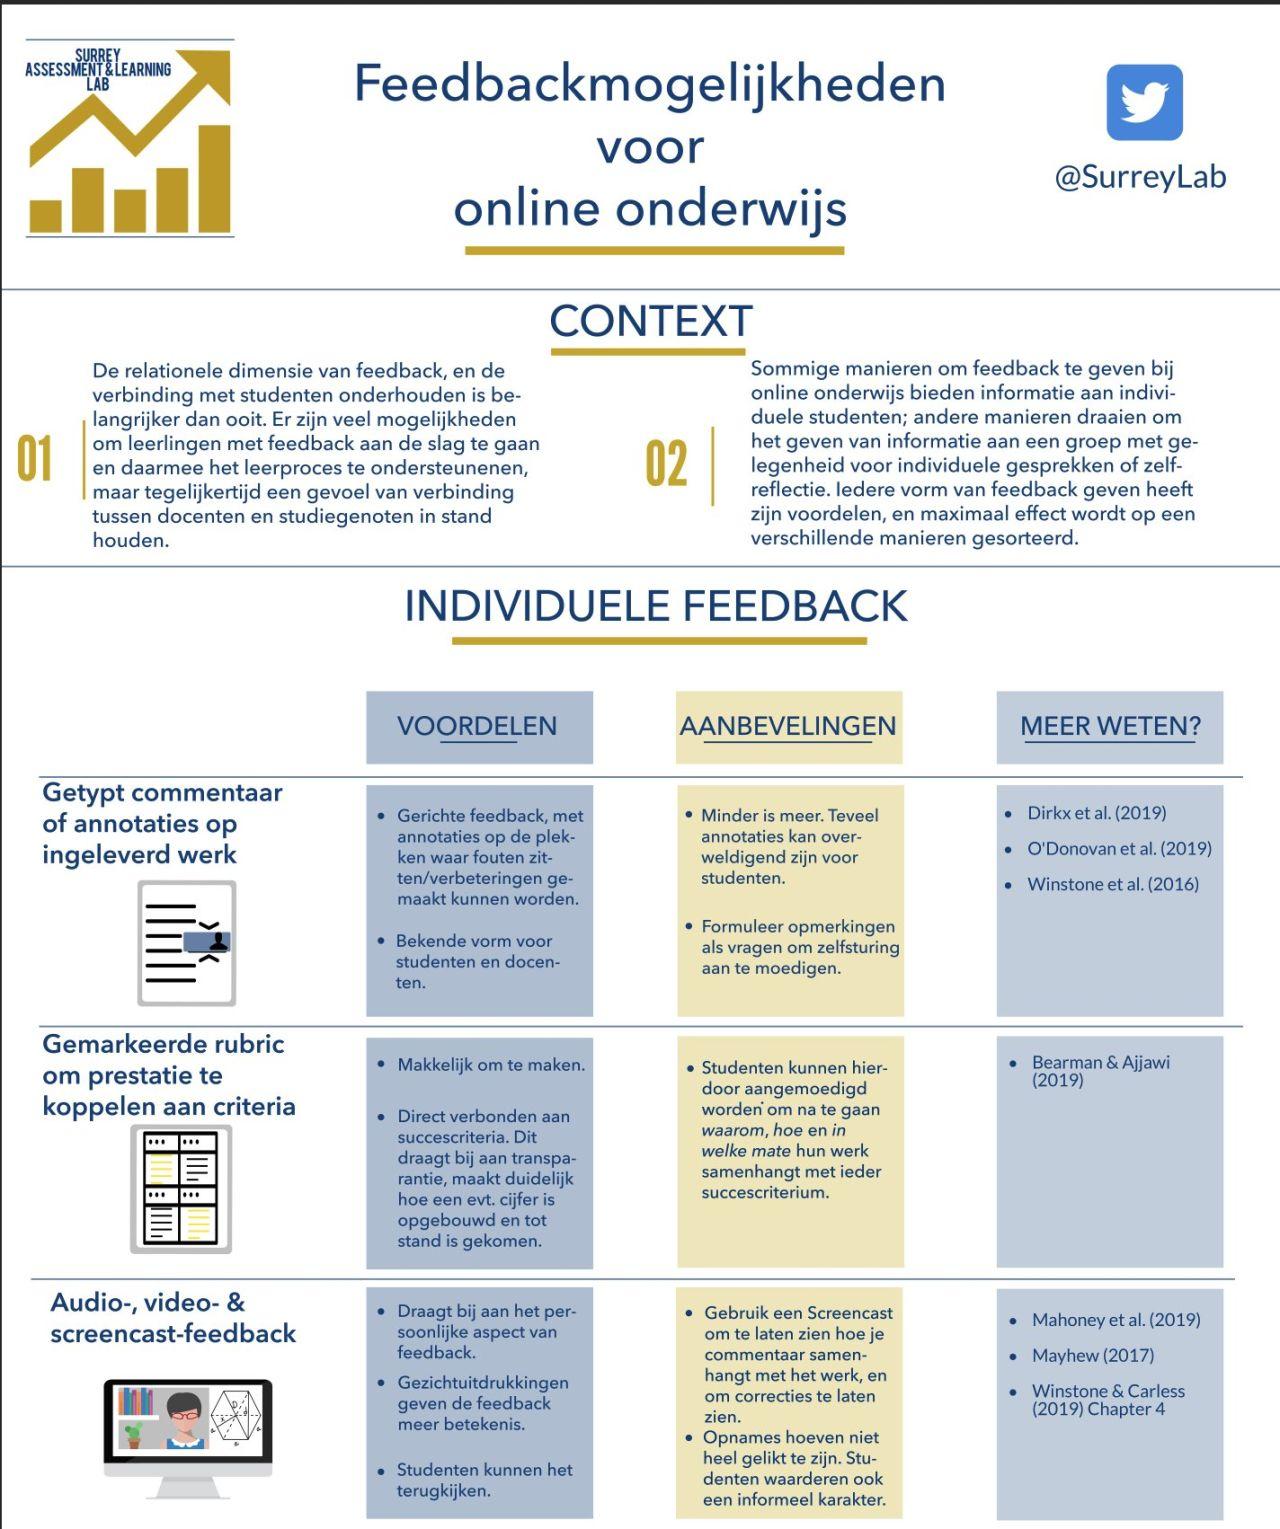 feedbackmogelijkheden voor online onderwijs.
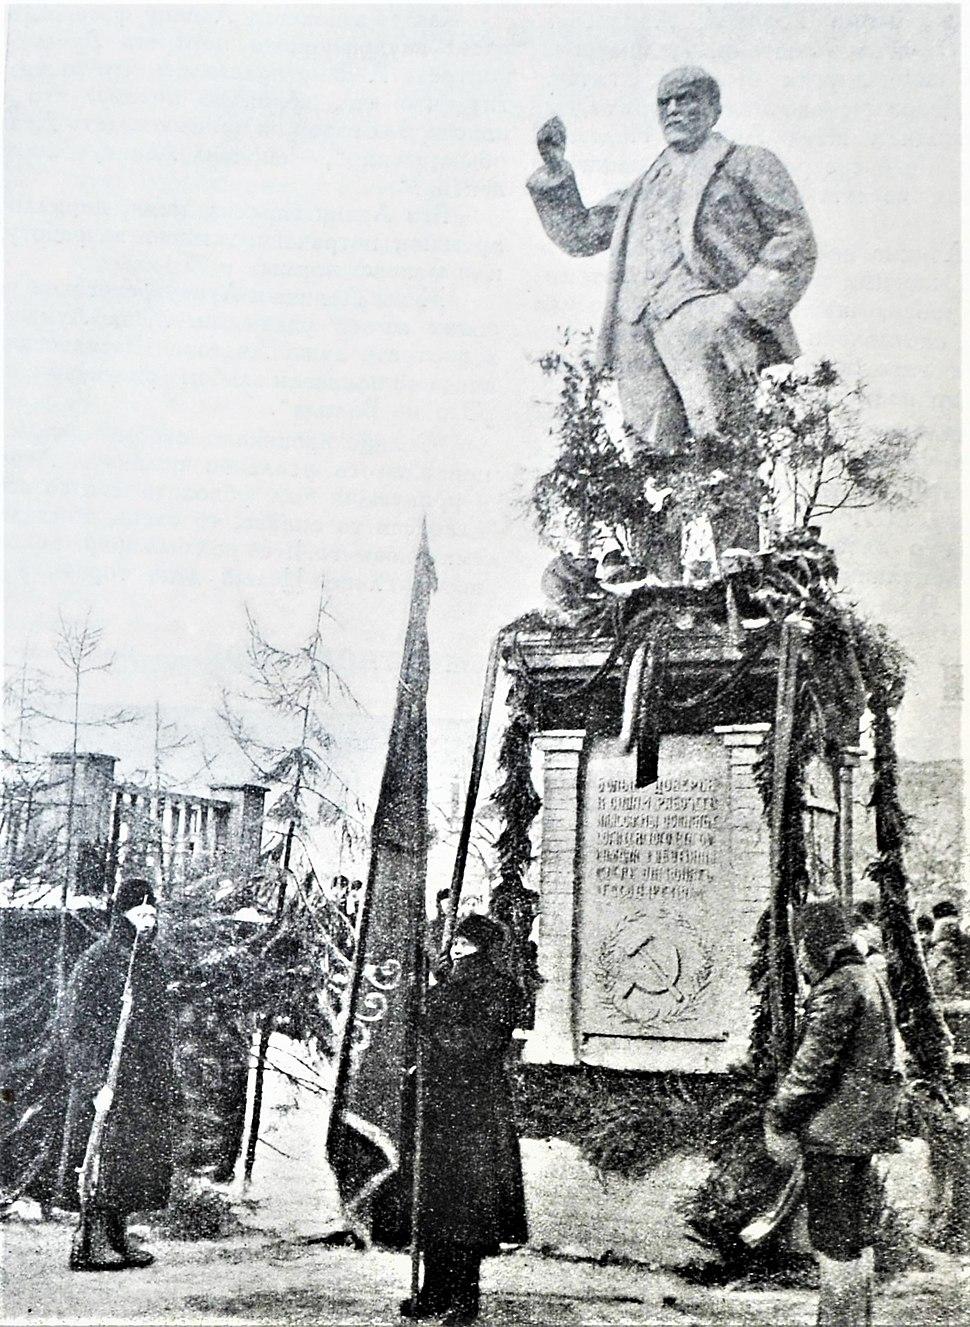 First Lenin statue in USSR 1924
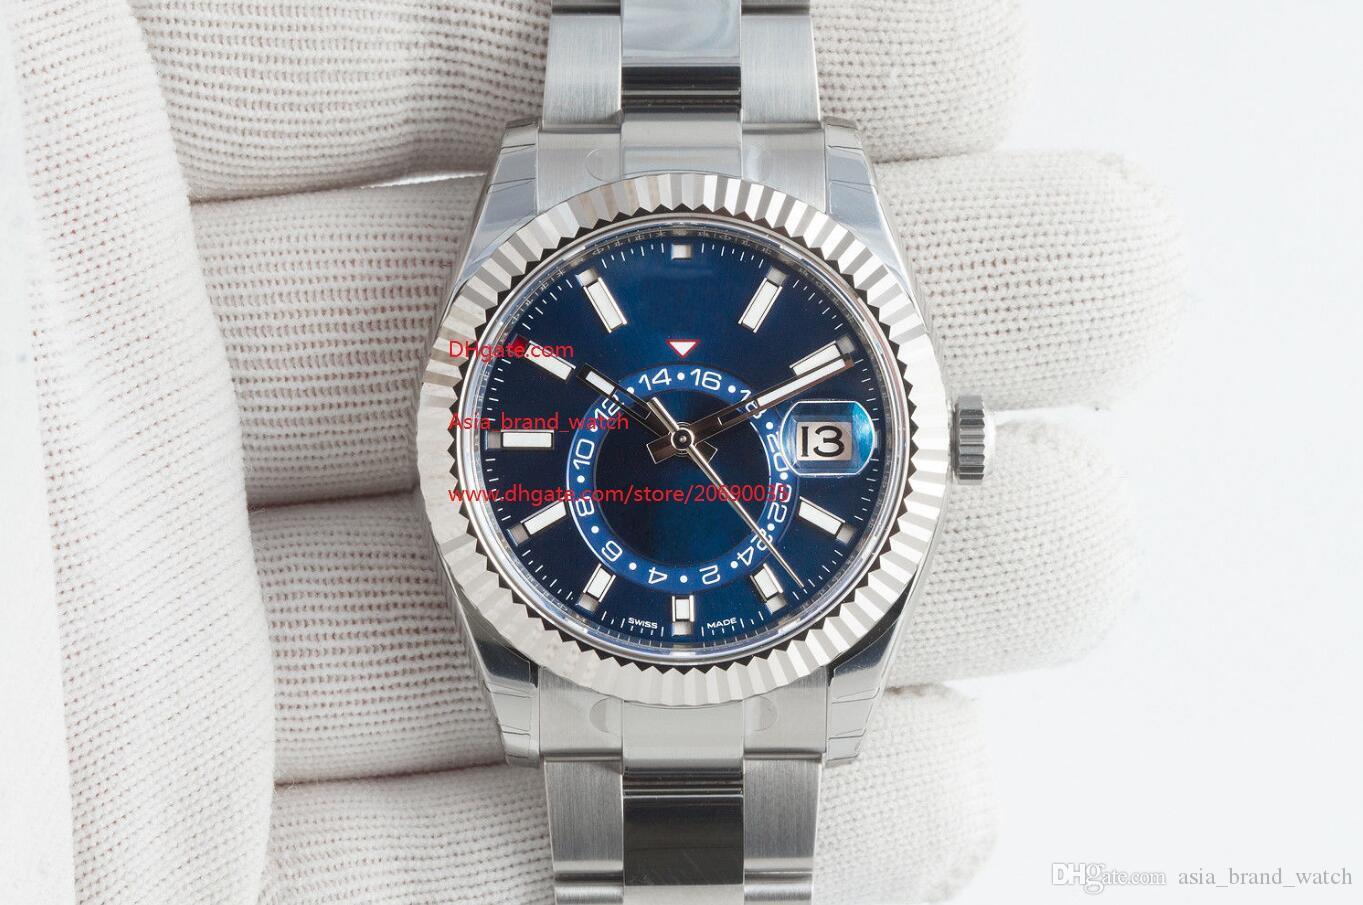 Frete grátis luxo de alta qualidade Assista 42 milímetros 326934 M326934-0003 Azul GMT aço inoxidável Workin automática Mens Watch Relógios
++++++
Work to be completed
Please reproduce the data above word for word, skipping all images.

Answer for the task
 feedbackmogelijkheden voor online onderwijs.
 First Lenin statue in USSR 1924
 Frete grátis luxo de alta qualidade Assista 42 milímetros 326934 M326934-0003 Azul GMT aço inoxidável Workin automática Mens Watch Relógios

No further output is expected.